Large Number of Army Football Players Violated "Honor Code"

Published on September 3rd, 2023 7:33 pm EST
Written By: Dave Manuel

The 1951 cheating scandal involving Army cadets football team. On November 9th, 1946, the Army Cadets, led by head coach Earl Blaik, played the Notre Dame Fighting Irish at Yankee Stadium.

The game, which pitted the #1 ranked Army against the #2 ranked Notre Dame, was a big, big deal.

In fact, the game was called the "Game of the Century".

74,121 people turned out to watch the game, which ended up in a scoreless 0-0 tie.

More than a million people requested tickets to the game.


At the time, the NFL was considered a "small-time" league.

College football was where it was at, and the Army Cadets sat at the top of the college football world.

From 1944 to 1950, Army would only lose THREE games, and they were adored by the nation.

Army would lose some of its graduating players to the Korean War, which started in the summer of 1950. To say that Army was a popular football team would be an understatement, especially at a time of war.

By 1951, the football program would be practically destroyed by a cheating scandal, leading to the expulsion of many of the team's best players.


Would you turn in a teammate and friend if they were violating the "honor code"?

In 1951, two students at West Point - one on the swimming team and the other on the basketball and football teams - learned of a "cheating ring" that Army's top athletes had been using to obtain good grades.

Many of the people that were cheating were not considered to be great students.

They were, however, great athletes.

These two students learned that "tutors" were learning what was to be on the tests that their students were studying for and passing this information along to the athletes.

"Passing the poop", as people called it.

These students were obviously doing very well on the tests that they were taking.


The Honor Code stated:

"A cadet will not lie, cheat or steal or tolerate those who do".

The swimmer who learned of the cheating scandal told his friends about the situation, and it was decided that the Honor Committee should be told.

Word soon made its way to the top of West Point, and the cheating scandal started to unravel.


The young athletes who had taken part in the cheating ring were brought in, one-by-one, to be questioned.

Some immediately confessed - others lied.

The young man who had revealed the cheating scandal to West Point was threatened and had to be put into protective custody.

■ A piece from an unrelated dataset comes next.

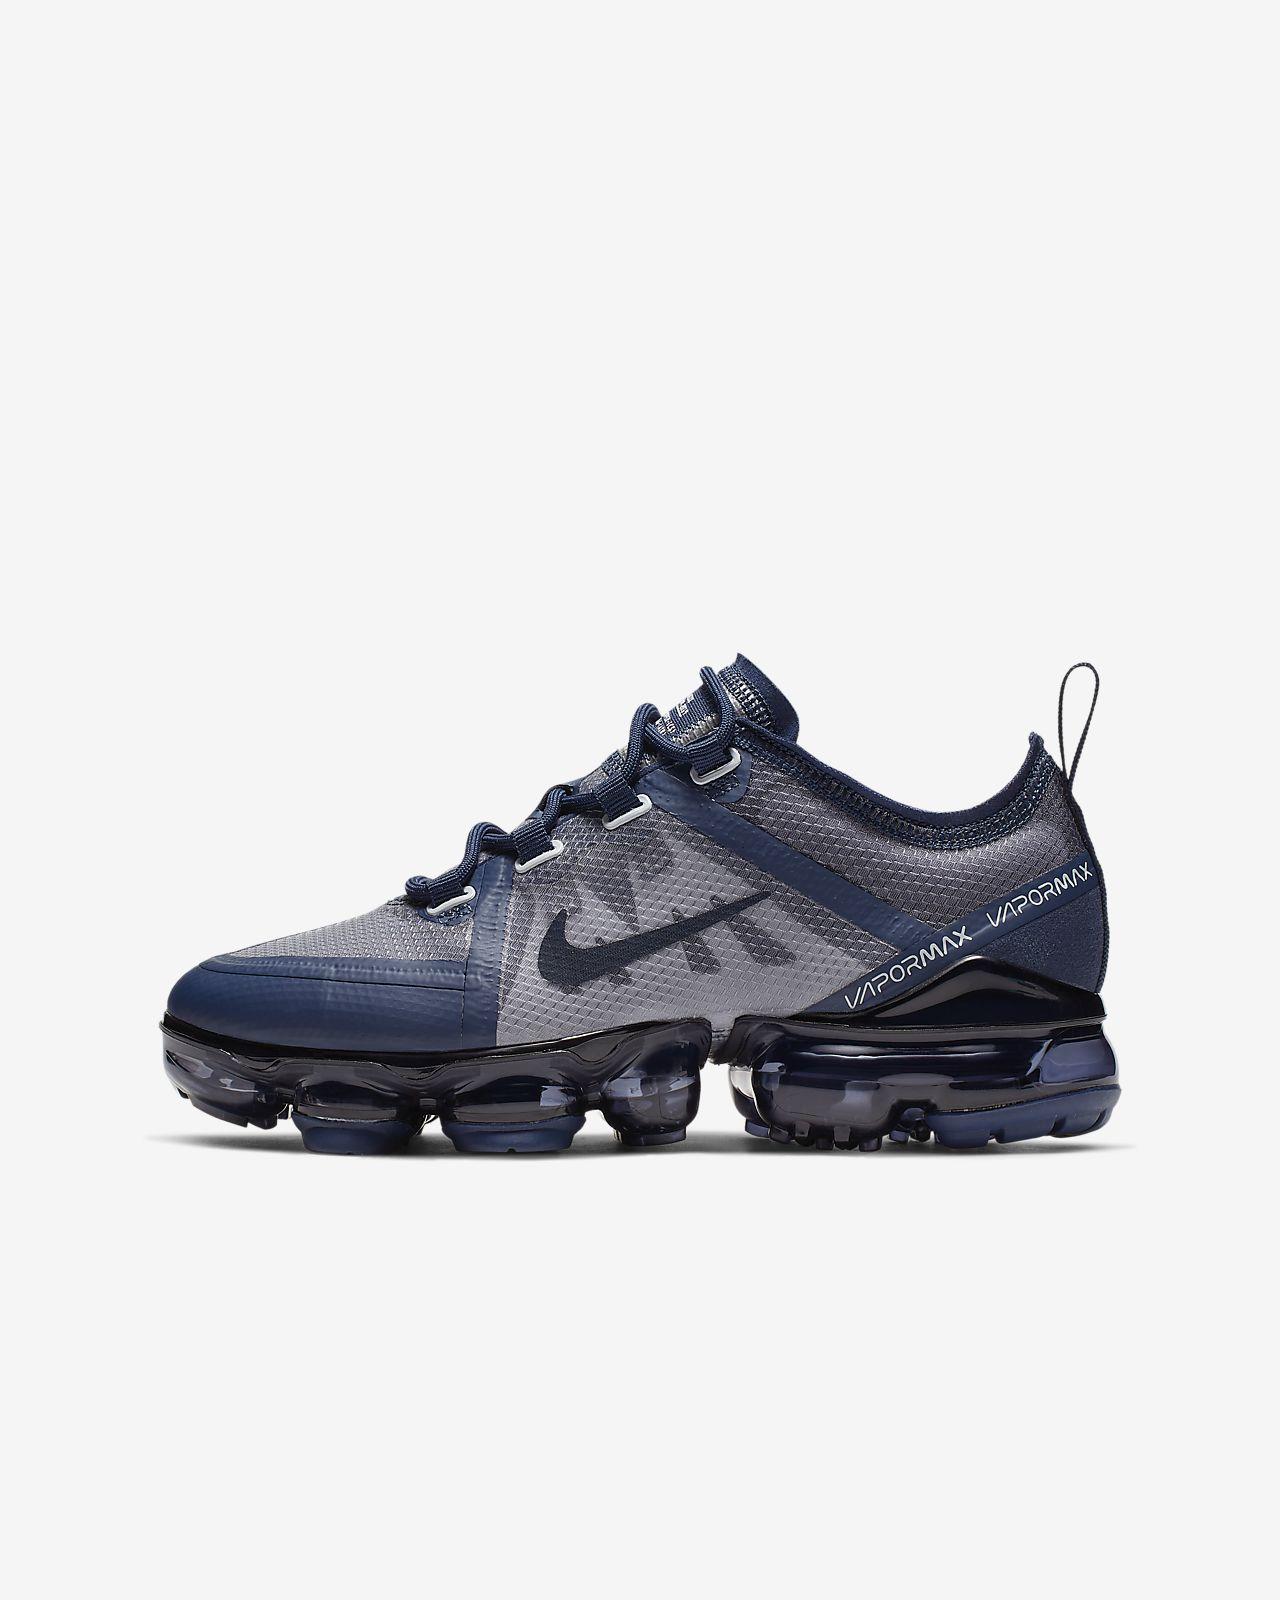 683f780ab81 Chaussure Nike Air VaporMax 2019 pour Enfant plus âgé. Nike.com FR
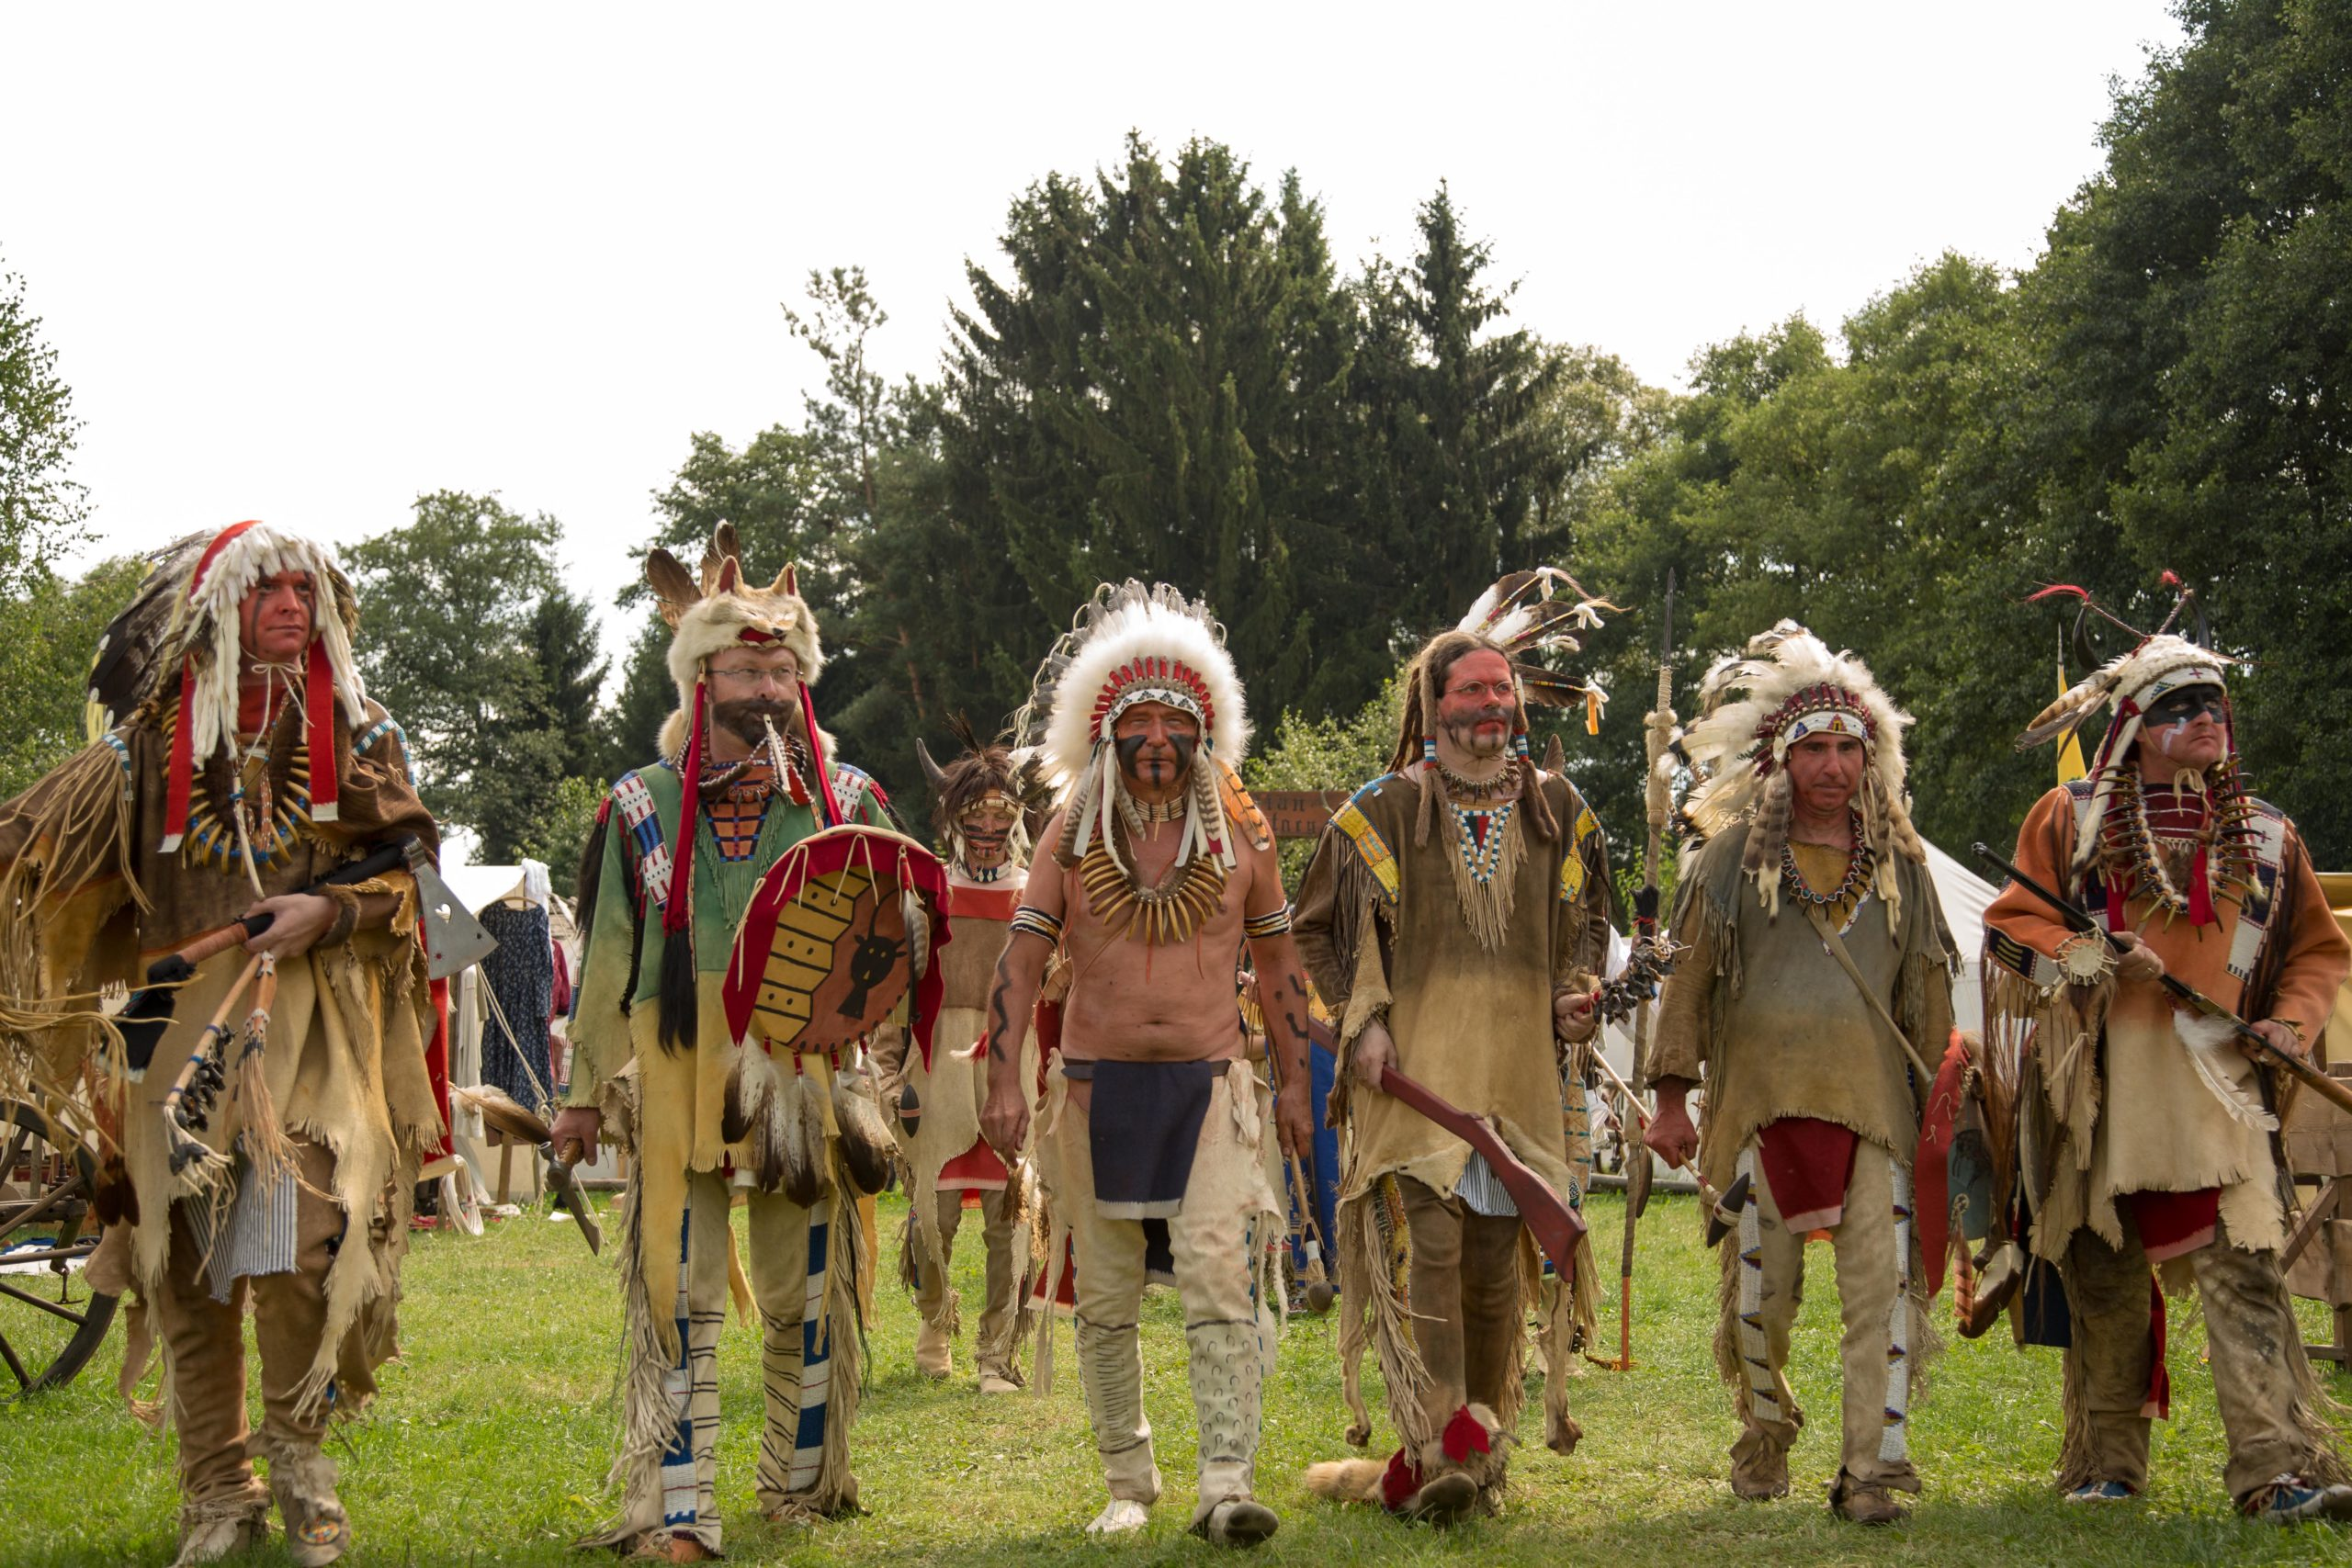 Mandan & Sioux Lakota

The accused men would not turn on each other, however, and nobody snitched on anybody else.

I did it, they would say, but I'm not sure who else did.


In the end, 90 young athletes voluntarily resigned instead of being dishonorably discharged.

This included Bob Blaik, quarterback of the football team and son of the head coach.

Many of the football team's best players resigned, leaving the football program in tatters.


Earl Blaik remained on as head coach of the program, as he was not implicated in the cheating scandal.

Army would go 2-7 in 1951, a far cry from their 8-1 record the year before.

The team would see better days ahead, as they would go 8-0-1 in 1958 until the watchful eye of Earl Blaik, and would finish as the #3 team in the nation.

The bloom, however, was off of the rose, and Army was no longer America's darling, and they would never return to their days of multi-year dominance.